═══ DATA PROVIDED ═══

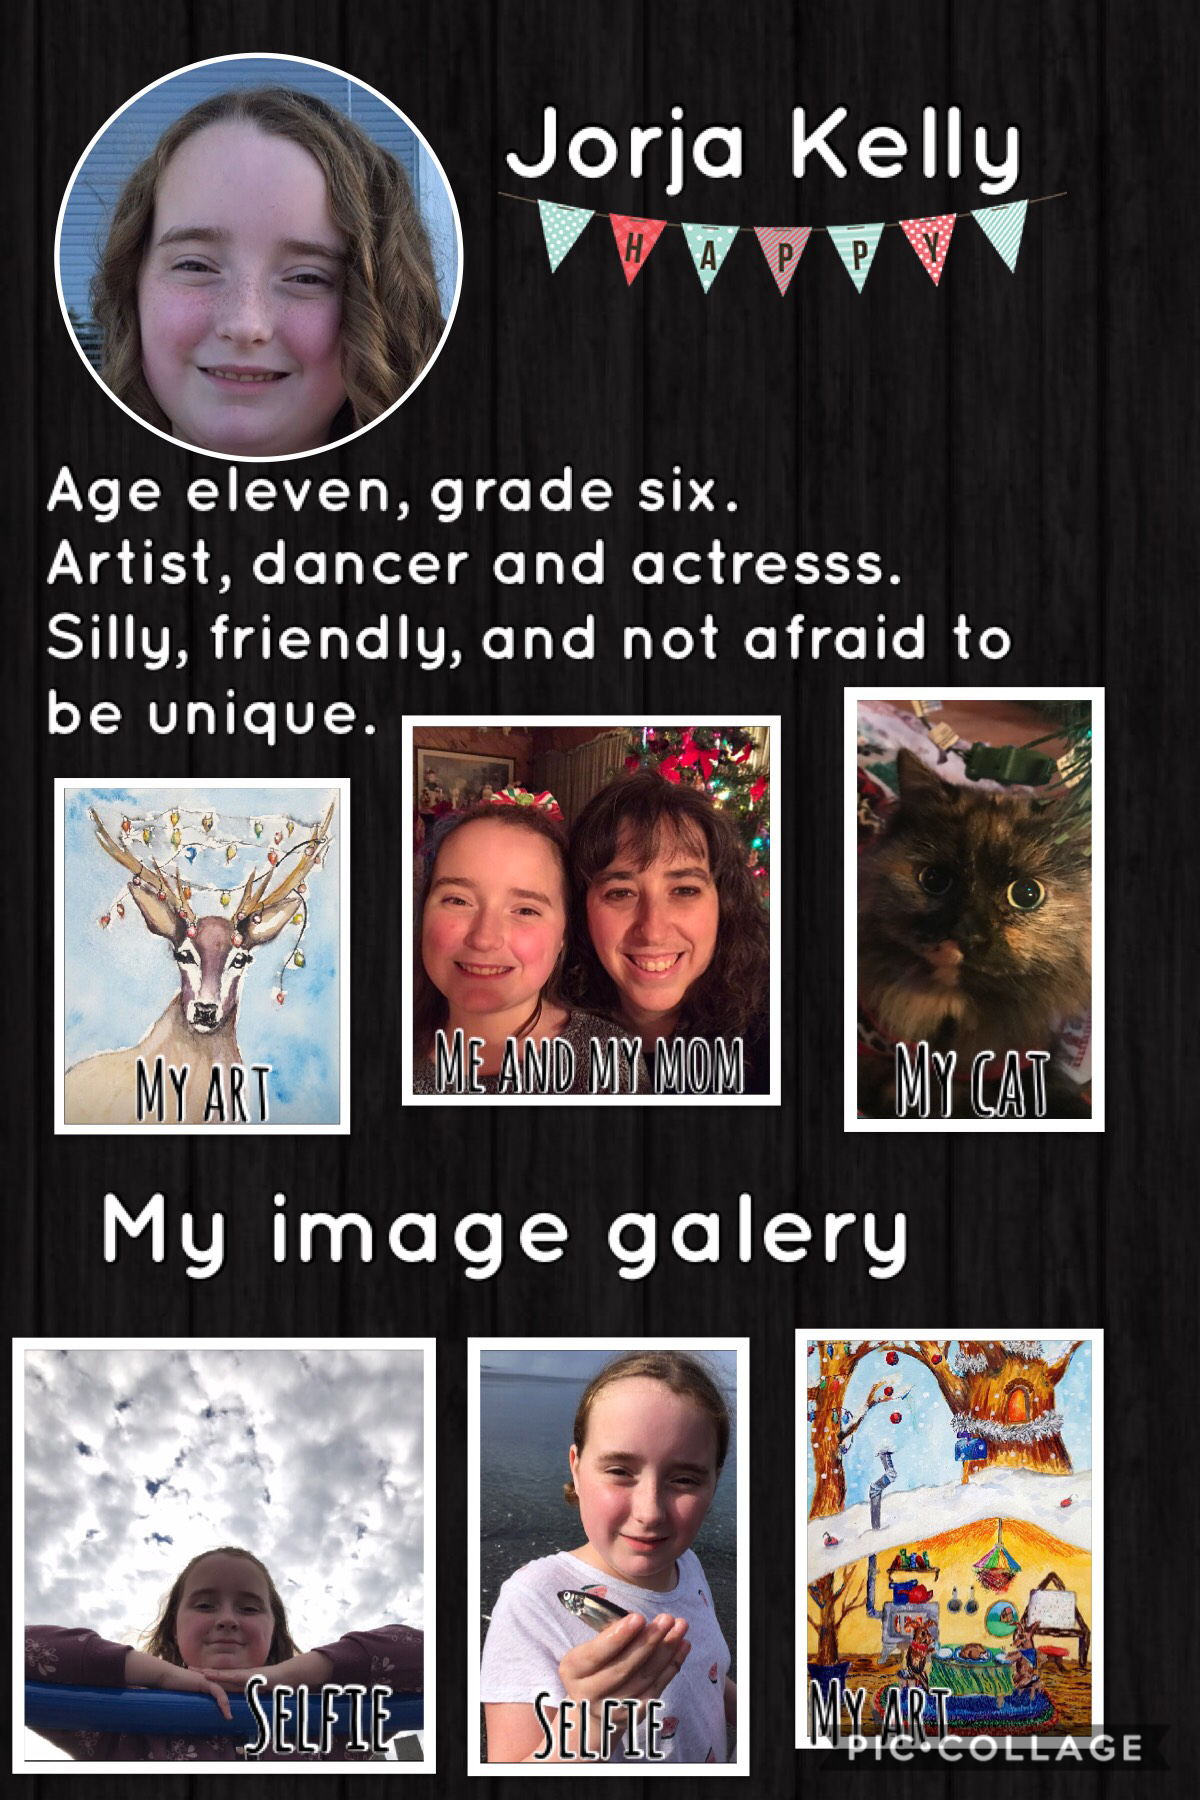 A little about me! Mt profile with a bio and some pictures of me, my art and my family.
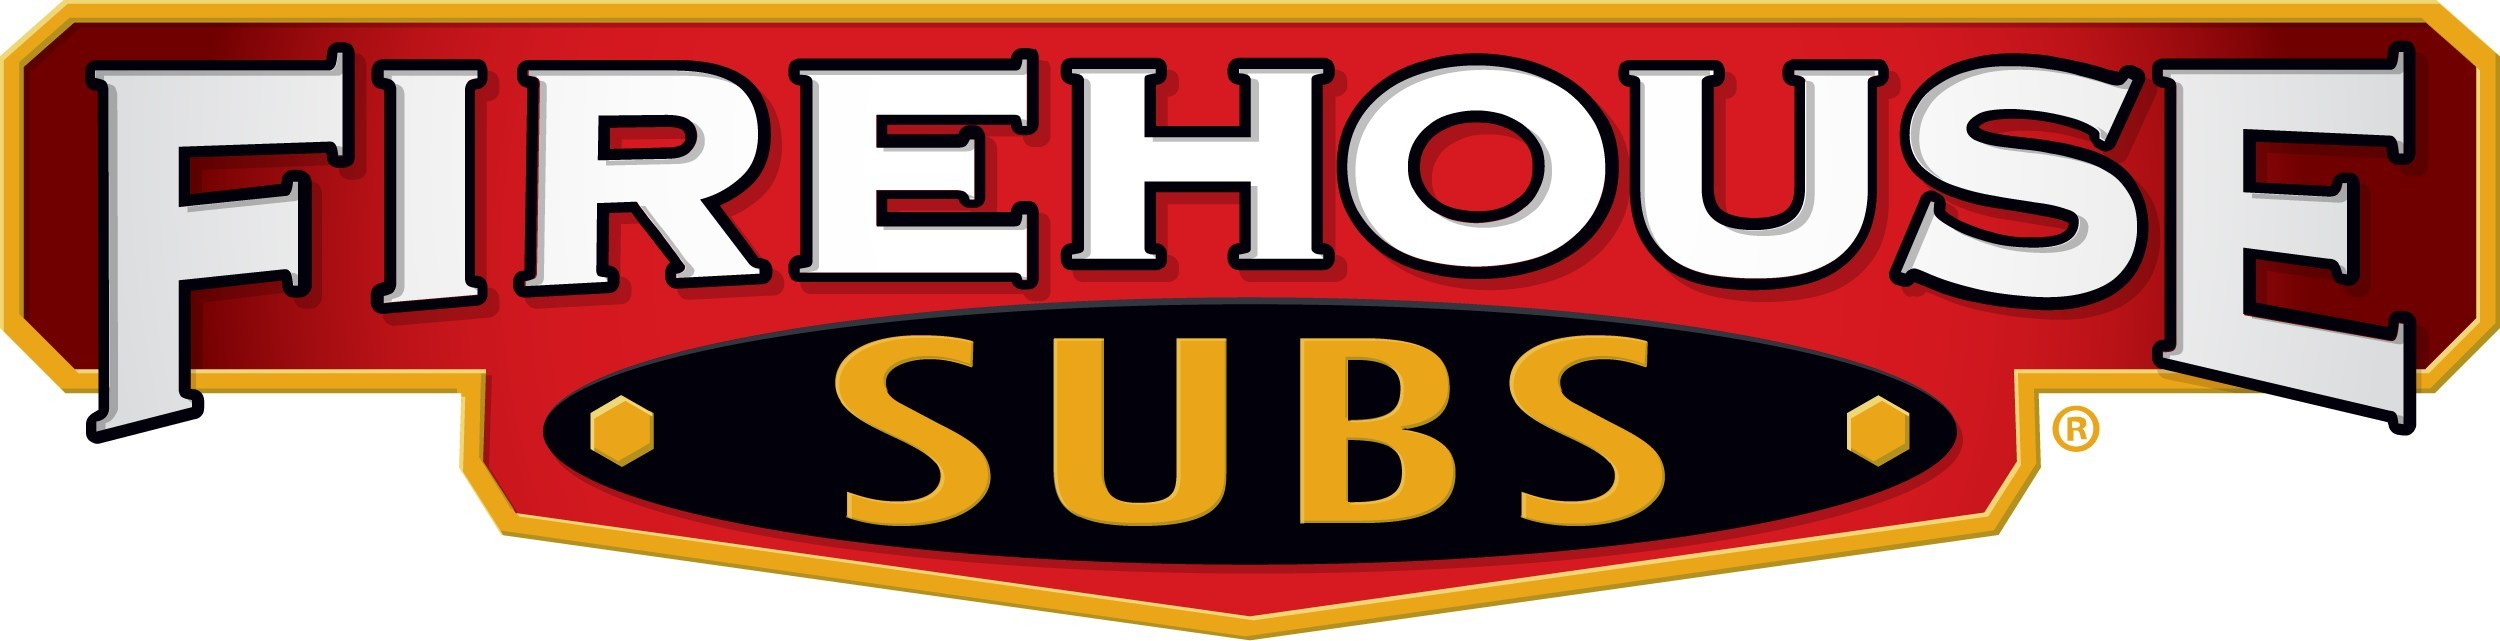 FIREHOUSE SUBS - HALF-OFF your ENTIRE ORDER after 6pm when you order on the Firehouse Subs app or online ONLY! Expires 6/13!
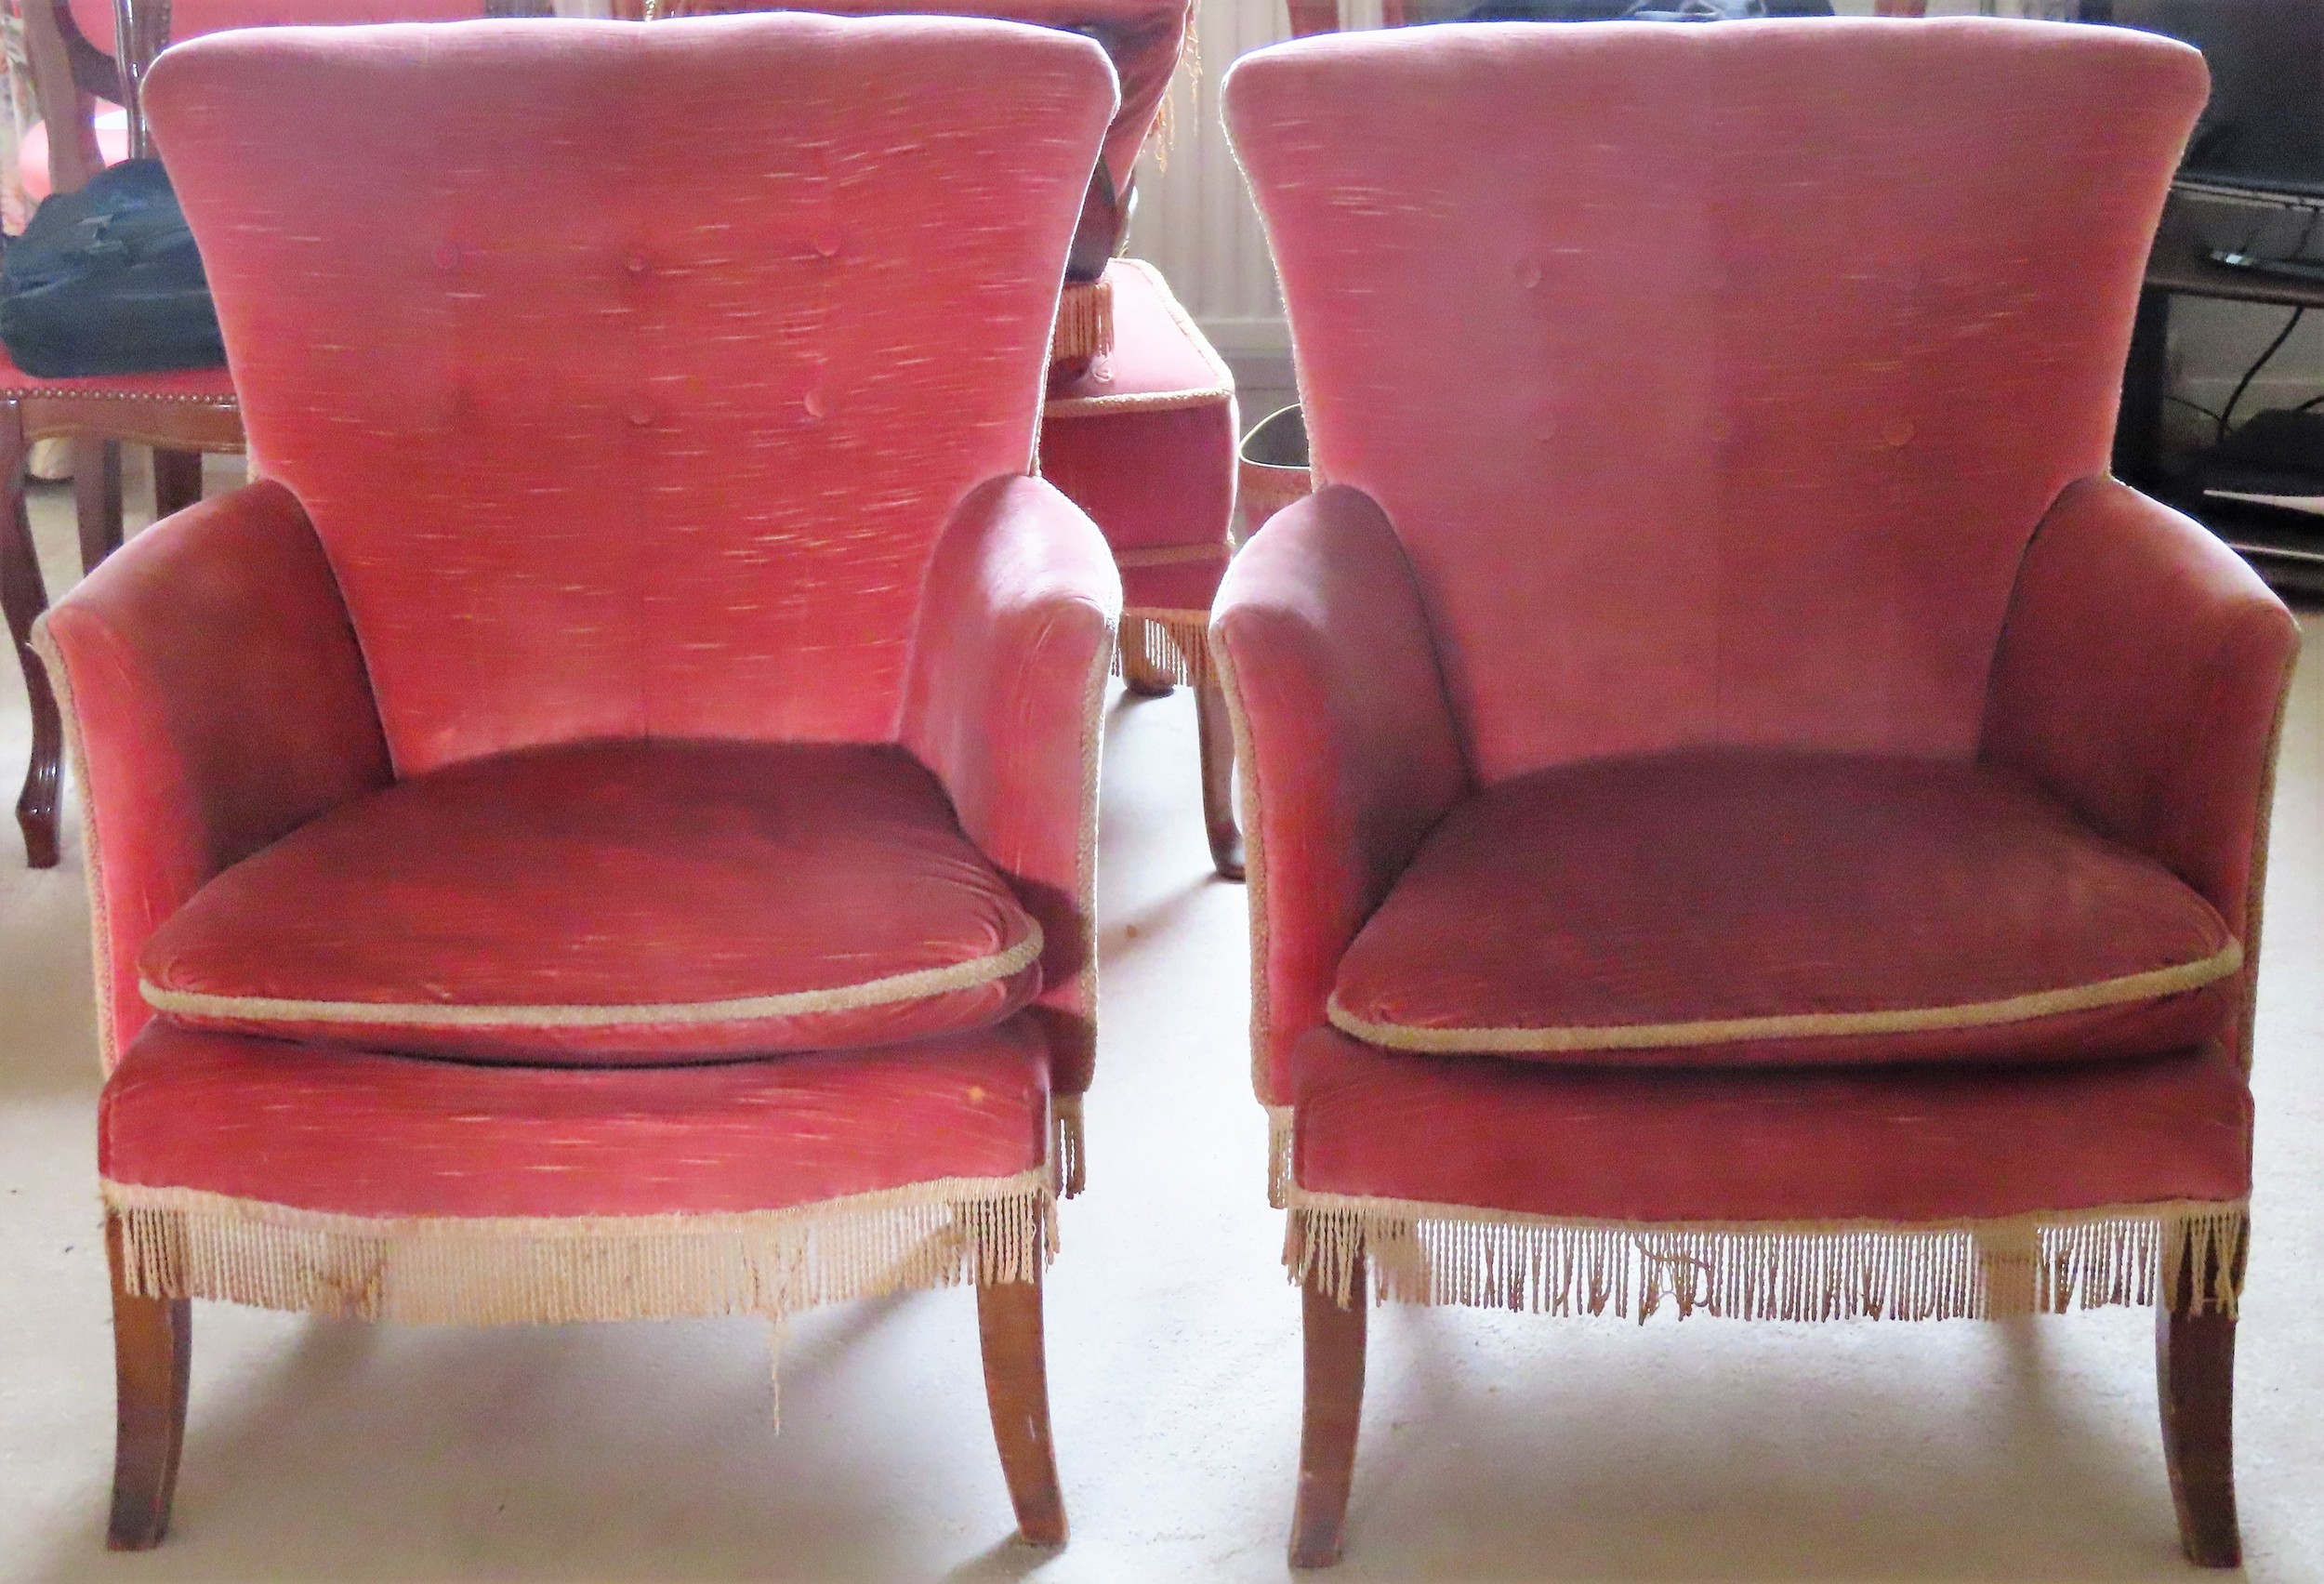 Pair of Early 20th century upholstered button back fireside armchairs 78cm H x 63cm W x 68cm D

═══

[TASK BRIEF]
Take every line of the material and copy it exactly, leaving out the pictures.

[WRITTEN SOLUTION]
 A little about me! Mt profile with a bio and some pictures of me, my art and my family.
 FIREHOUSE SUBS - HALF-OFF your ENTIRE ORDER after 6pm when you order on the Firehouse Subs app or online ONLY! Expires 6/13!
 Pair of Early 20th century upholstered button back fireside armchairs 78cm H x 63cm W x 68cm D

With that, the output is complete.